For trailing one-year returns, US REITs continue to lead. Vanguard Real Estate (VNQ) is up 15.1% over the past 252 trading days after factoring in distributions—a return that’s well ahead of the remaining major asset classes.

Meantime, broadly defined commodities continue to post the deepest shade of red for the one-year trend. GSG has lost 12.5% as of Friday’s close vs. the year-ago price.

GMI.F is holding on to a modest one-year gain, rising 2.5%.

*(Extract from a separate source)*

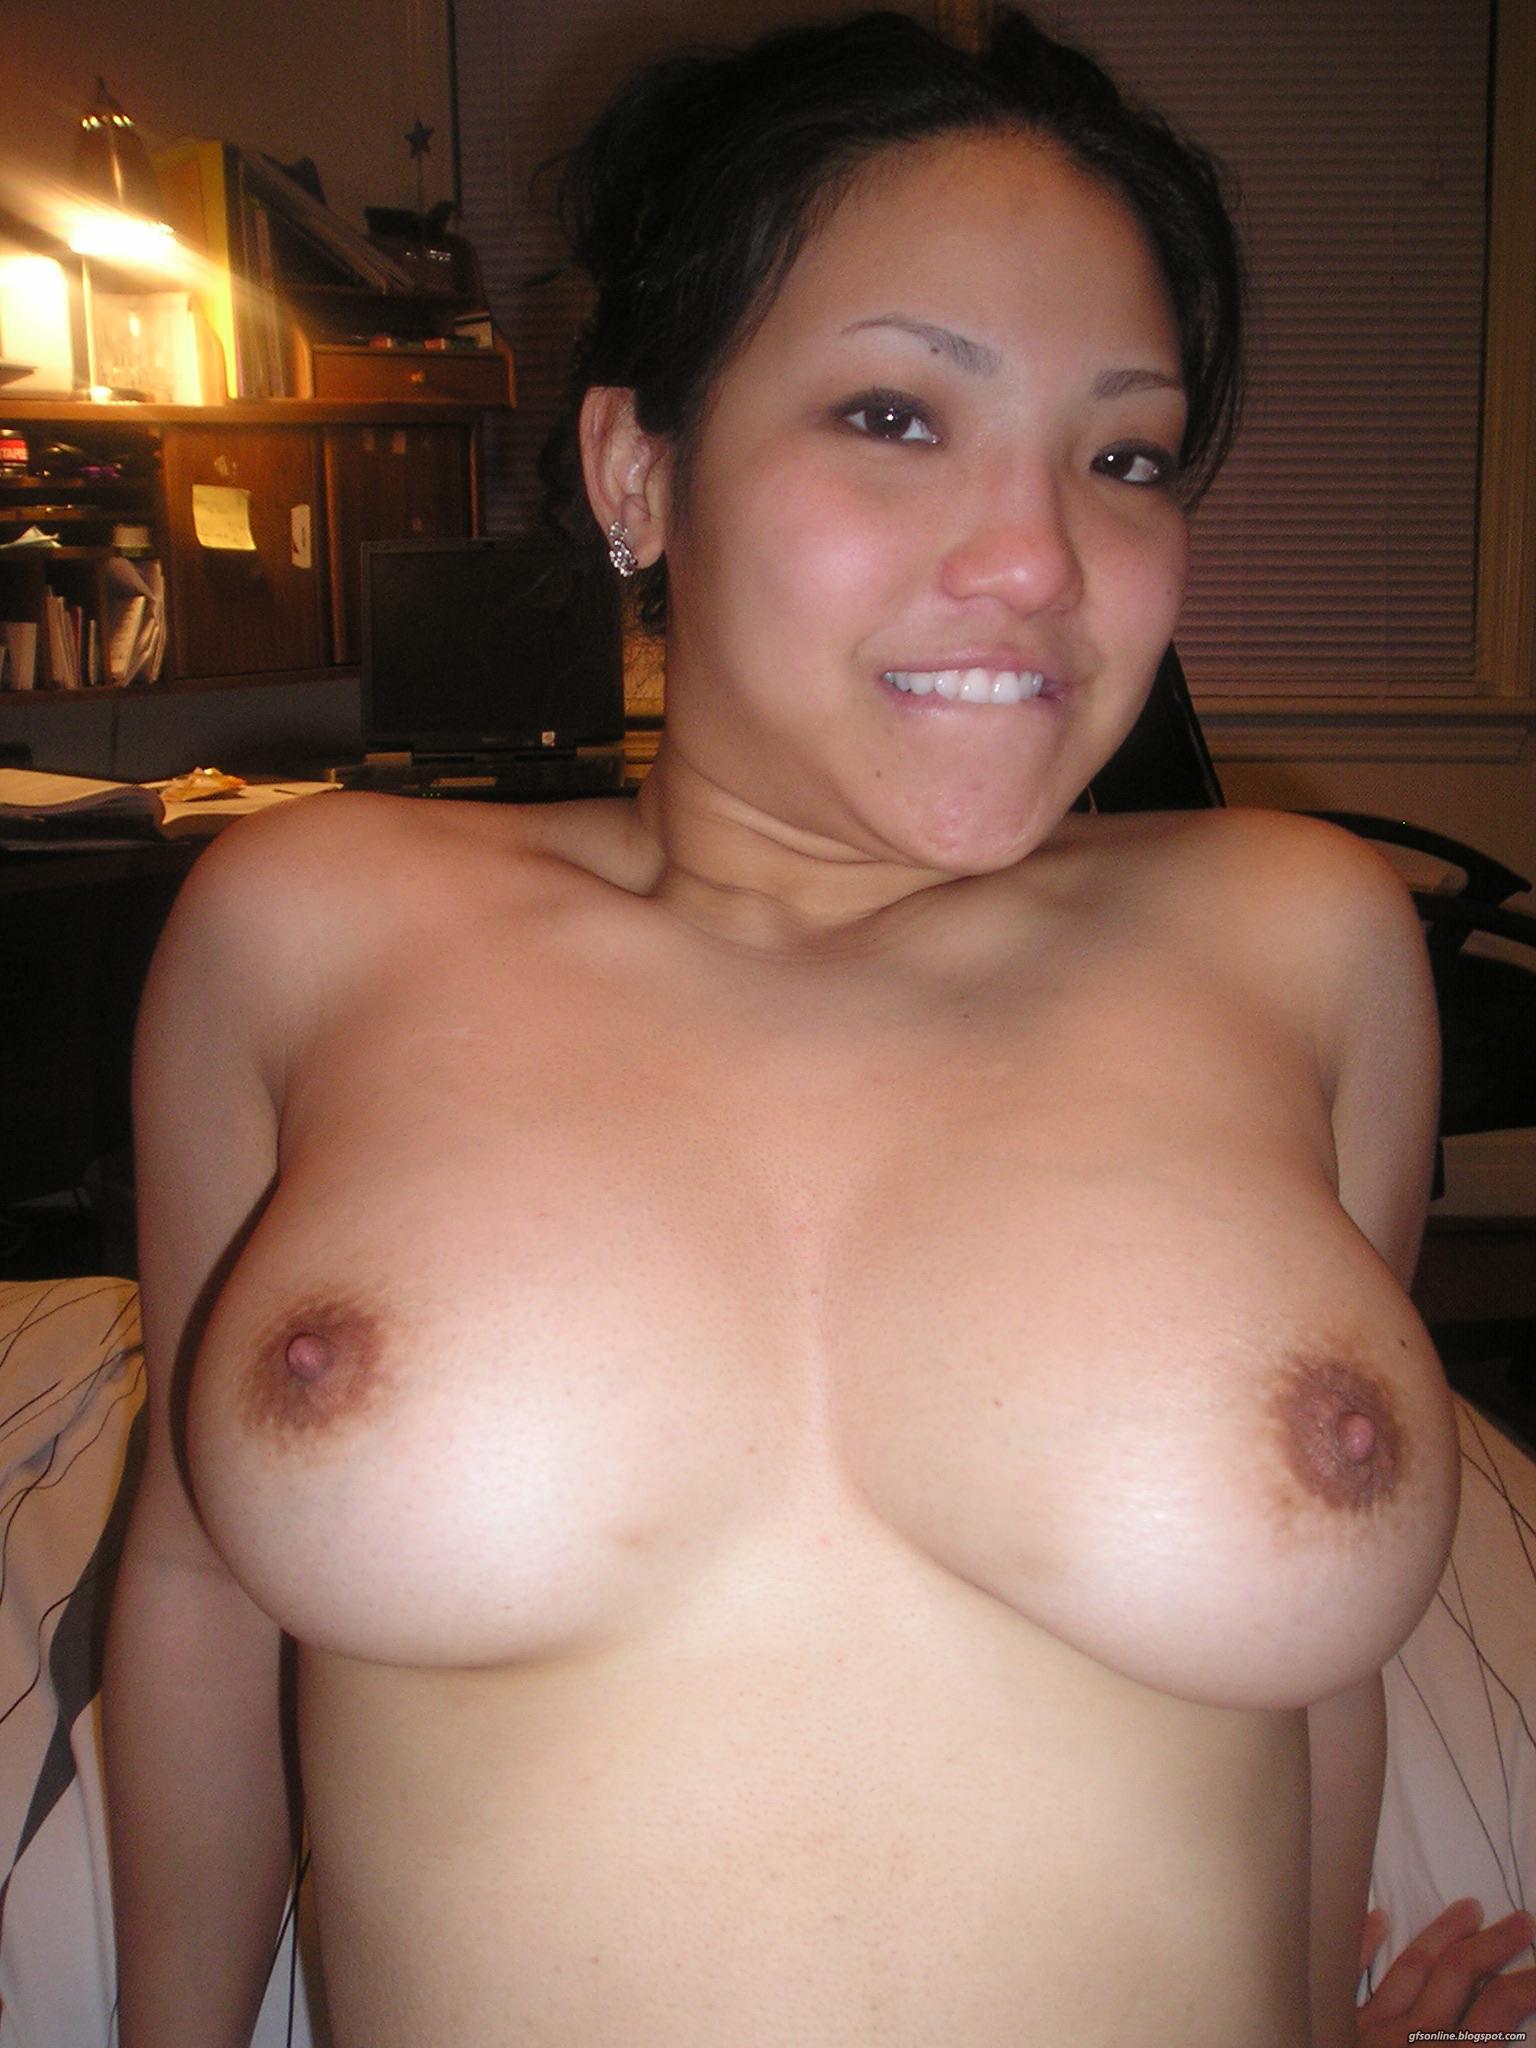 Naughty asian amateurs nude

Profiling the major asset classes via a set of momentum indicators reveals a bit of weakness creeping in. The analysis is based on two sets of moving averages for the ETFs listed above. The first compares the 10-day moving average with its 100-day counterpart — a proxy for short-term trending behavior (red line in chart below). A second set of moving averages (50 and 200 days) represents an intermediate measure of the trend (blue line). As of Friday’s close, the short-term indicator fell, reflecting setbacks for several asset classes. Given the weak start to this week’s trading in foreign markets and US futures, the odds appear low for a quick rebound.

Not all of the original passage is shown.